The osvbngcli upgrade builtin is for systemd-supervised deployments
where osvbng owns the box.
Operator UX
All four sub-actions are issued from inside osvbngcli. Don't launch
osvbngcli, exit, then run a shell command — the upgrade flow keeps
state in the running osvbngcli process and the daemon restarts
gracefully under it.
$ osvbngcli
osvbng> upgrade status
osvbng> upgrade plan /tmp/osvbng-v0.13.1.tar.gz
osvbng> upgrade apply /tmp/osvbng-v0.13.1.tar.gz
osvbng> upgrade rollback
upgrade plan <tarball>
Read-only dry-run. Extracts the tarball into a sibling-directory of the
tarball itself (so a 2GB tarball on /tmp does not silently land on a
different partition), verifies the signature, parses the manifest,
checks for drift against the current installed artifacts, and prints a
summary. Removes the staging directory on exit. No side effects on
production paths.
upgrade apply <tarball>
Applies the tarball in-place. The flow is journaled per-step at
/var/opt/osvbng/upgrade-state.json, so an interruption at any phase
(operator Ctrl+C, crash, power loss) leaves enough state on disk for
a later upgrade rollback to restore from a known partial state.
Stages (14 total):
- Stage tarball (sibling-dir extraction).
- Verify signature against
/etc/osvbng/release-keys/cosign.pub. - Parse manifest, run Tier-A scope guard, cross-check artifact hashes.
- Ensure state directories exist.
- Drift detection (warn-not-refuse).
- Snapshot current version to
/var/opt/osvbng/rollback/<from-version>/. - Pre-apply hook (optional, read-only validation).
- Suspend systemd auto-restart via
/run/systemd/system/osvbng.service.d/upgrade.conf. systemctl stop osvbng.service.- Per-artifact atomic swap via
rename(2). systemctl start osvbng.service.- Health poll (systemd
ActiveState+/run/osvbng/state). - Commit (write
current-manifest.yaml, prune snapshots). - Post-apply hook (optional, advisory).
A health-check failure auto-triggers rollback; a hook failure aborts without auto-rollback unless past the snapshot stage.
upgrade rollback
Restores the most recent snapshot. Reads the journal to find the target version, replays the snapshot's metadata + bytes in reverse order, restarts the daemon, and health-polls.
Idempotent: a missing journal yields a clean "no rollback available" message rather than an error.
upgrade status
Reads /var/opt/osvbng/current-manifest.yaml,
/var/opt/osvbng/upgrade-state.json, and the contents of
/var/opt/osvbng/rollback/. Shows current installed version, last
upgrade outcome, in-flight journal phase if any, available rollbacks.

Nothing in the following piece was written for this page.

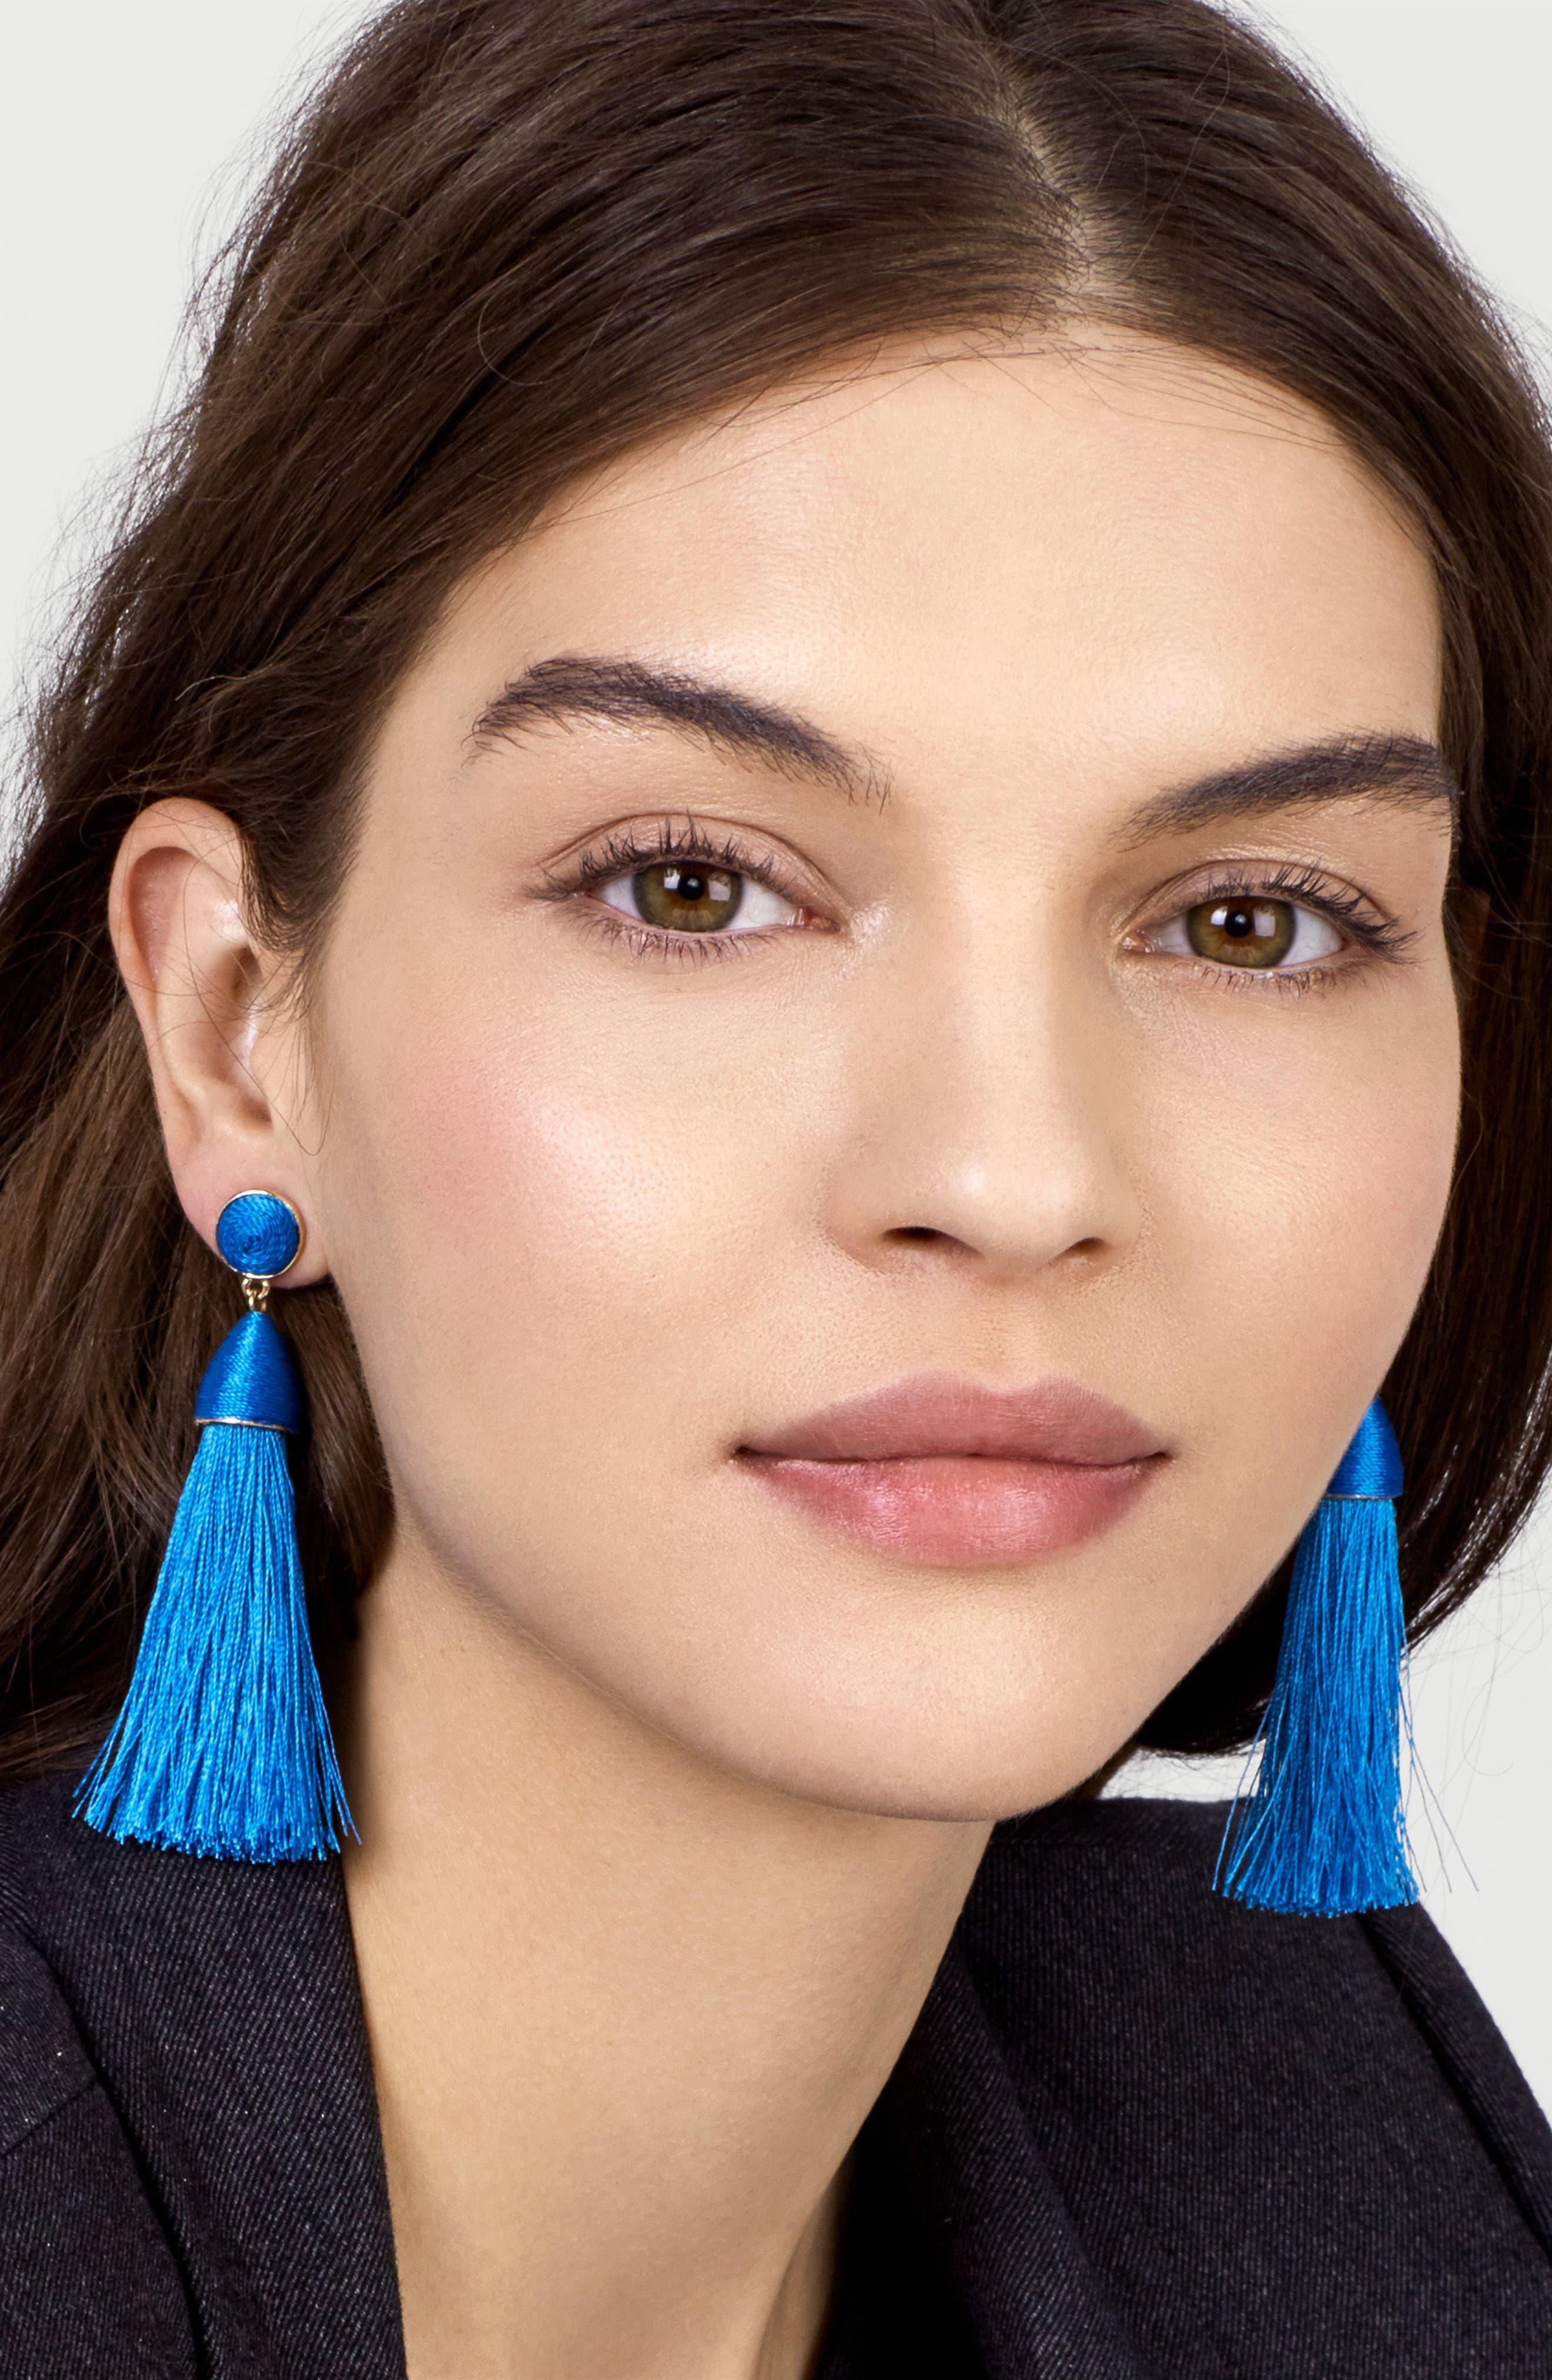 Rosabella Tassel Drop Earrings,                             Alternate thumbnail 2, color,                             Bright Blue

No daemon interaction required — works when osvbngd is stopped.
Trust model
osvbng release tarballs are signed by the project. The QEMU image
ships with the project's public verification key embedded at
/etc/osvbng/release-keys/cosign.pub. When you run upgrade apply
<tarball>, the tarball's detached .sig sidecar is checked against
that public key before any host-mutating step.
You don't need to manage any keys yourself. The same project key
signs every release. If a signature check fails the apply refuses and
the offending tarball is moved to
/var/opt/osvbng/quarantine/<sha-prefix>/ for investigation.
Threat model
The signature check protects the bytes of a release tarball in transit
from the project's release artefact to the operator's box. That is the
guarantee, and it is meaningful — an operator who downloads
osvbng-vX.Y.Z.tar.gz from a project release gets exactly the bytes
the project published. Tampering during download, mirror compromise,
or substitution of the GitHub release artefact surfaces as a signature
failure and the apply refuses.
The signature check does not protect against:
-
A root-equivalent attacker on the box itself. Once someone has root, they don't need to defeat the upgrade flow — they can replace
/usr/local/bin/osvbngdor/etc/osvbng/release-keys/cosign.pubdirectly, or bypassosvbngclientirely. Host hardening (AppArmor, read-only filesystems, integrity monitoring) is the right answer here; signing isn't. -
Build-time supply-chain compromise. A malicious dependency or a pre-merge insider change produces a tarball that signs cleanly, because the project signs whatever the build pipeline emits. Reproducible builds and a published SBOM are the orthogonal mitigations.
Signing tells you "this is what the project shipped." It does not tell you "this is safe to apply." Treat it as one control among several.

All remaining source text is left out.